> ABOUT THIS EXERCISE
From the first line to the last, restate the material word for word, omitting pictures.

> DATA SHOWN
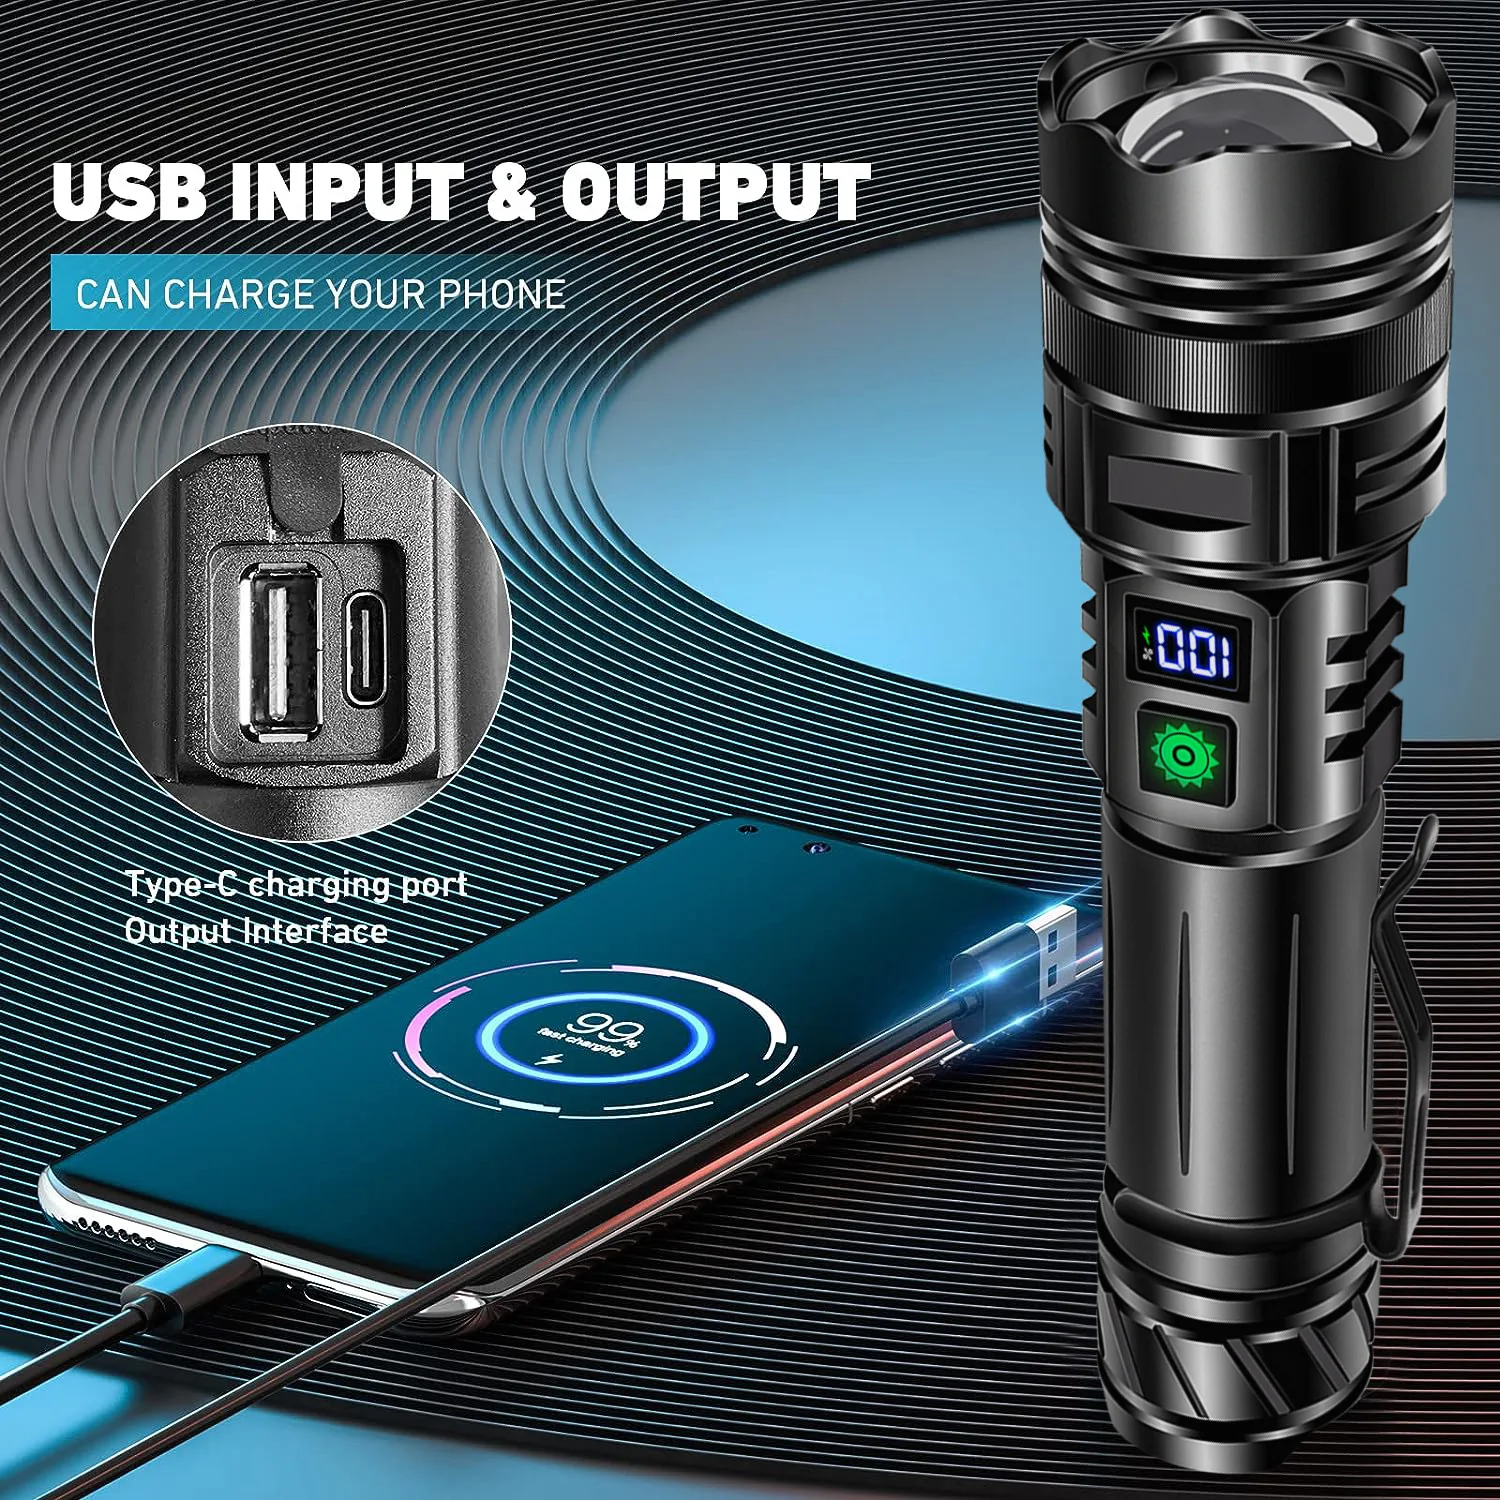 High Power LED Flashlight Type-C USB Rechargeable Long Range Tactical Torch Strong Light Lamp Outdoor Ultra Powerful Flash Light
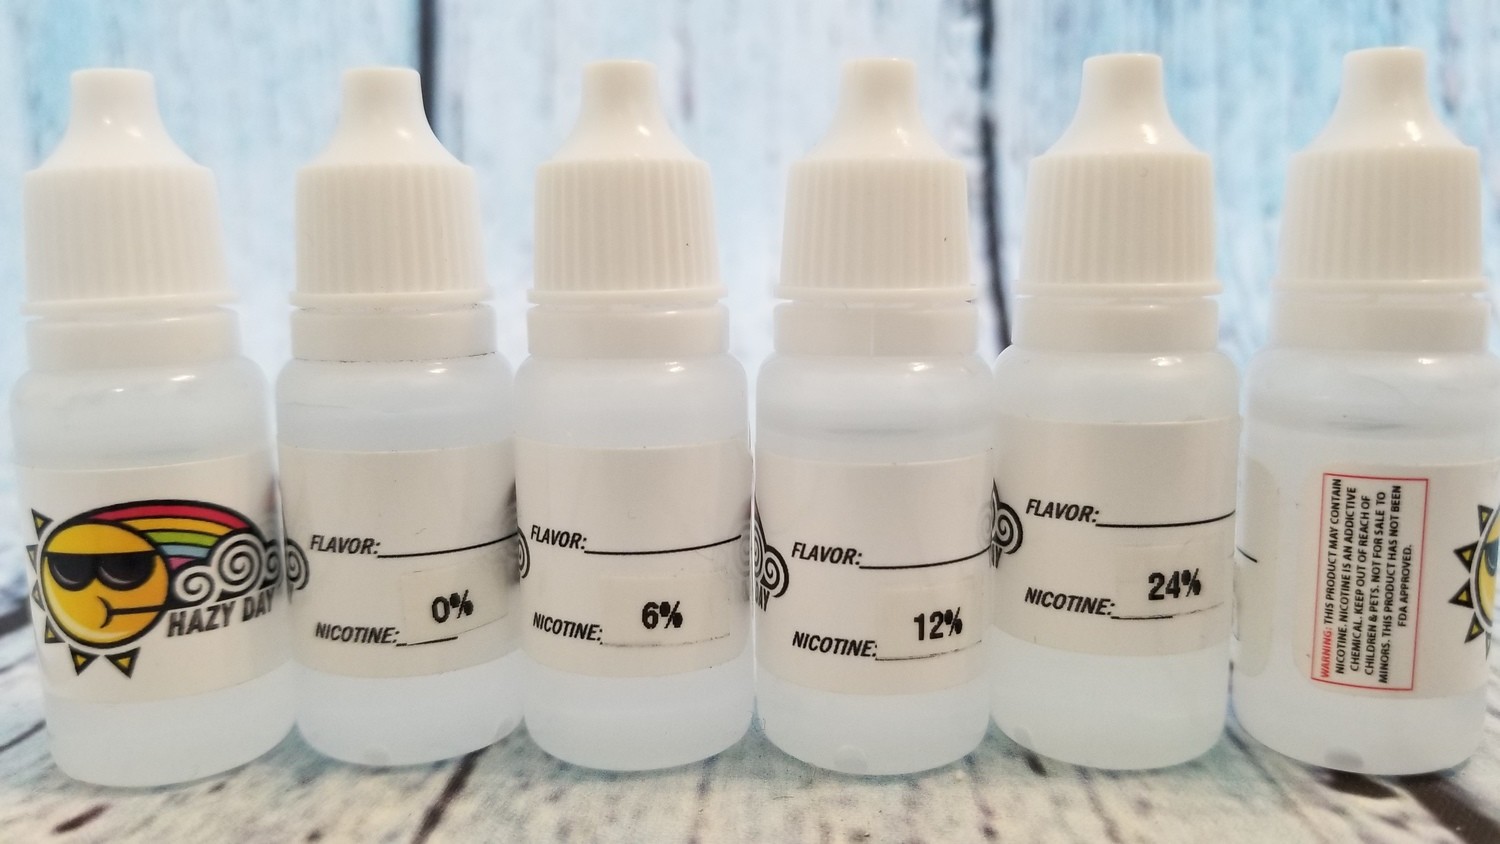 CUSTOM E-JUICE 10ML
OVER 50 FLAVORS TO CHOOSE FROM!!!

> RESULT OF THIS EXERCISE
 High Power LED Flashlight Type-C USB Rechargeable Long Range Tactical Torch Strong Light Lamp Outdoor Ultra Powerful Flash Light
 CUSTOM E-JUICE 10ML
OVER 50 FLAVORS TO CHOOSE FROM!!!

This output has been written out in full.